Fesoterodine is a competitive muscarinic receptor antagonist. After oral administration,
fesoterodine is rapidly and extensively hydrolyzed by nonspecific esterases
to its active metabolite, 5-hydroxymethyl tolterodine, which is responsible
for the antimuscarinic activity of fesoterodine.
Muscarinic receptors play a role in contractions of urinary bladder smooth
muscle and stimulation of salivary secretion. Inhibition of these receptors
in the bladder is presumed to be the mechanism by which fesoterodine produces
its effects.
Pharmacodynamics
In a urodynamic study involving patients with involuntary detrusor contractions,
the effects after the administration of fesoterodine on the volume at first
detrusor contraction and bladder capacity were assessed. Administration of fesoterodine
increased the volume at first detrusor contraction and bladder capacity in a
dose-dependent manner. These findings are consistent with an antimuscarinic
effect on the bladder.
Pharmacokinetics
Absorption
After oral administration, fesoterodine is well absorbed. Due to rapid and
extensive hydrolysis by nonspecific esterases to its active metabolite, fesoterodine
cannot be detected in plasma. Bioavailability of the active metabolite is 52%.
After single or multiple-dose oral administration of fesoterodine in doses from
4 mg to 28 mg, plasma concentrations of the active metabolite are proportional
to the dose. Maximum plasma levels are reached after approximately 5 hours.
No accumulation occurs after multiple-dose administration.

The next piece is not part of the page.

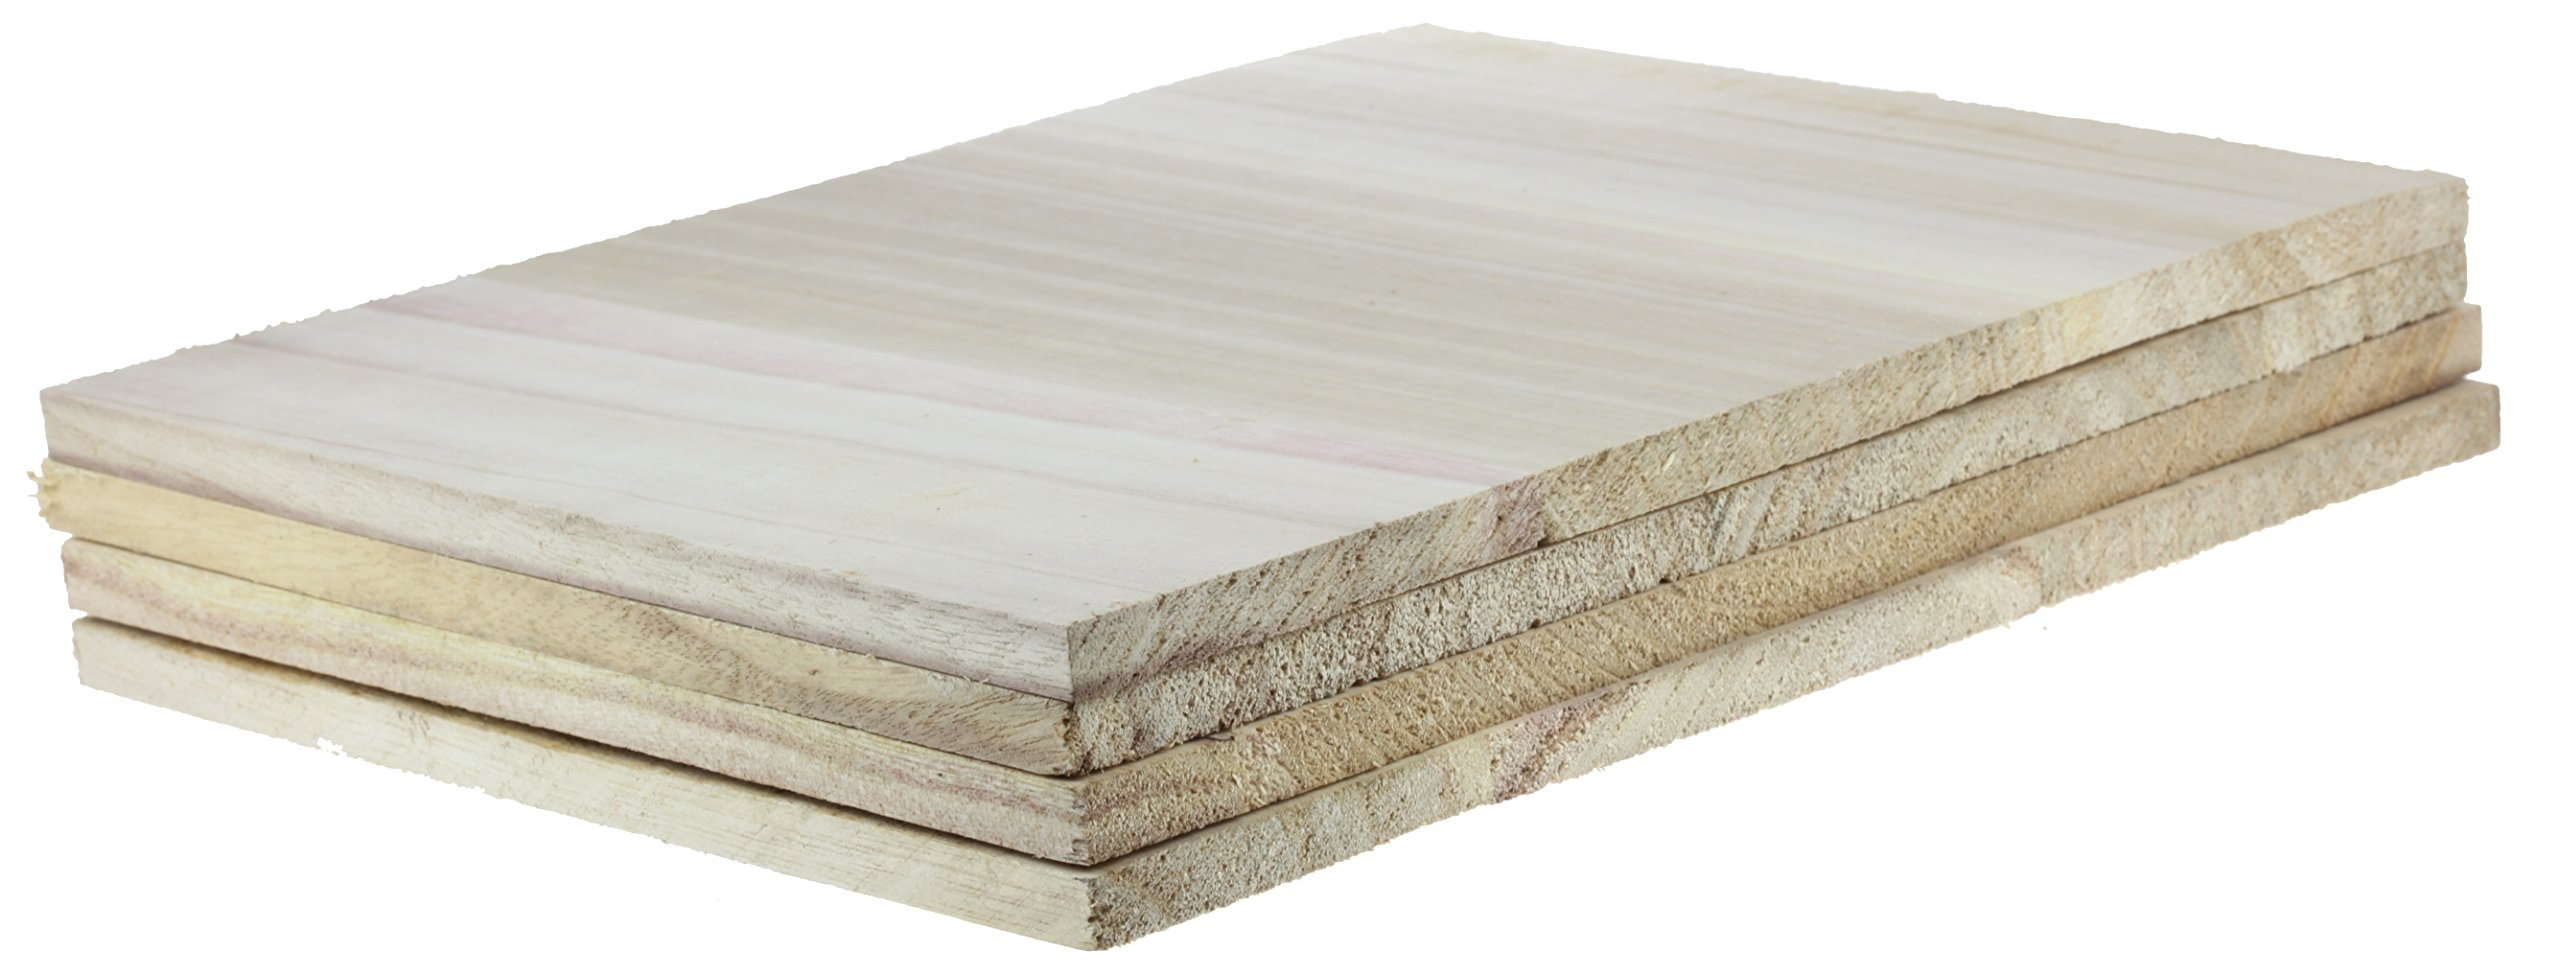 Tiger Claw Wood Breaking Board - Breakable Board in 12 mm Thickness (4 Board Pack)

A summary of pharmacokinetic parameters for the active metabolite after a single
dose of Toviaz 4 mg and 8 mg in extensive and poor metabolizers of CYP2D6 is
provided in Table 1.
Table 1: Summary of geometric mean [CV] pharmacokinetic parameters
for the active metabolite after a single dose of Toviaz 4 mg and 8 mg in extensive
and poor CYP2D6 metabolizers
| Parameter |
Toviaz 4 mg |
Toviaz 8 mg |
| EM (n=16) |
PM (n=8) |
EM (n=16) |
PM (n=8) |
| Cmax (ng/mL) |
1.89 [43%] |
3.45 [54%] |
3.98 [28%] |
6.90 [39%] |
| AUC0-tz (ng*h/mL) |
21.2 [38%] |
40.5 [31%] |
45.3 [32%] |
88.7 [36%] |
| tmax (h)a |
5 [2-6] |
5 [5-6] |
5 [3-6] |
5 [5-6] |
| t½ (h) |
7.31 [27%] |
7.31 [30%] |
8.59 [41%] |
7.66 [21%] |
EM = extensive CYP2D6 metabolizer, PM =
poor CYP2D6 metabolizer, CV=coefficient of variation
Cmax = maximum plasma concentration, AUC0-tz = area under the concentration
time curve from zero up to the last measurable plasma concentration, tmax
= time to reach Cmax, t˝ = terminal half-life
a Data presented as median (range) |
Effect of Food
There is no clinically relevant effect of food on the pharmacokinetics of fesoterodine.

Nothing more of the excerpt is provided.